[SciPy-dev] stats - kstest

Mon Jul 19 12:25:32 EDT 2004

Robert Kern wrote:

> Manuel Metz wrote:
>
>> Hi,
>> hopefully I'm at the right place to manifest my suggestion.
>>
>> As far as I understand the "kstest" from the book "Numerical recipes 
>> in C++" (Chapt. 14.3, Kolmogorov-Smirnov Test) the kstest algorithm 
>> is not correctly implementet in SciPy. (or NR ?) I think the error is 
>> in the second last line of kstest():
>>
>>  >>> D = max(abs(cdfvals - sb.arange(1.0,N+1)/N))
>>
>> In comparison from NR:
>>
>>  >>> double en = data.size()
>>  >>> for( j=0; j<n; j++) {
>>  >>>     fn = (j+1)/en;
>>  >>>     ff = func( data[j] );
>>  >>>     dt = max( fabs(fo-ff), fabs(fn-ff)
>>  >>>     if (dt > d) d=dt;
>>  >>>     fo = fn;
>>  >>> }
>>
>> So the main difference is, that in the NR algorithm the "D" is 
>> calculated as the maximum distance D = max |S_N(x) - P(x)| by 
>> calculating the distances to the upper AND the lower side of P(X) to 
>> the step function S_N(x), while in the SciPy routine only the 
>> distance to the upper side is calculated.
>>
>> Is my suggestion right, that the error is in the SciPy algorithm?

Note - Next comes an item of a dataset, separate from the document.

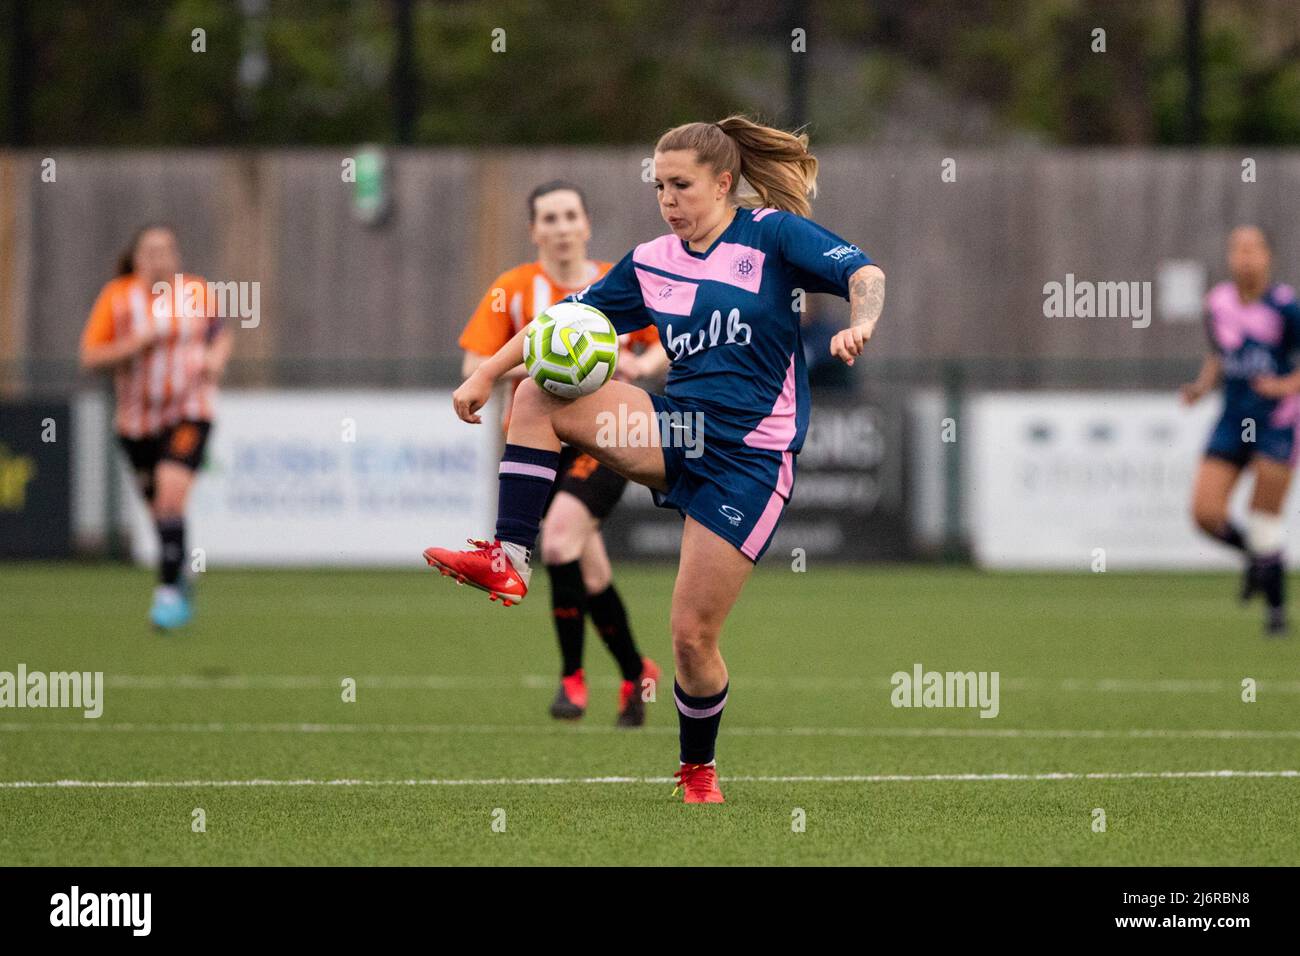 London, England. 03/05/2022, Sophie Manzi (9 Dulwich Hamlet) in action during the Capital Womens Senior Cup game between Ashford (Middlesex) and Dulwich Hamlet at Meadowbank in London, England.  Liam Asman/SPP Stock Photo

If 
>> yes, could anyone correct it with the next release of SciPy?
>
>
> Yes, I believe you are correct.
>
I reviewed what was done again and now believe we were correct.  The 
distribution that is being used in kstest is the Kolmogorov one-sided 
distribution, KS+   Because this is the distribution used, the test is 
done with a one-sided statistic.

SciPy only has an approximate two-sided statistic which is valid for 
large N.  We do not have it wrapped in a kstest-like command, but the 
distribution is available as kstwobign. 

We could modify kstest or make a new command for the two-sided test.

Questions and/or comments welcome.

-Travis O.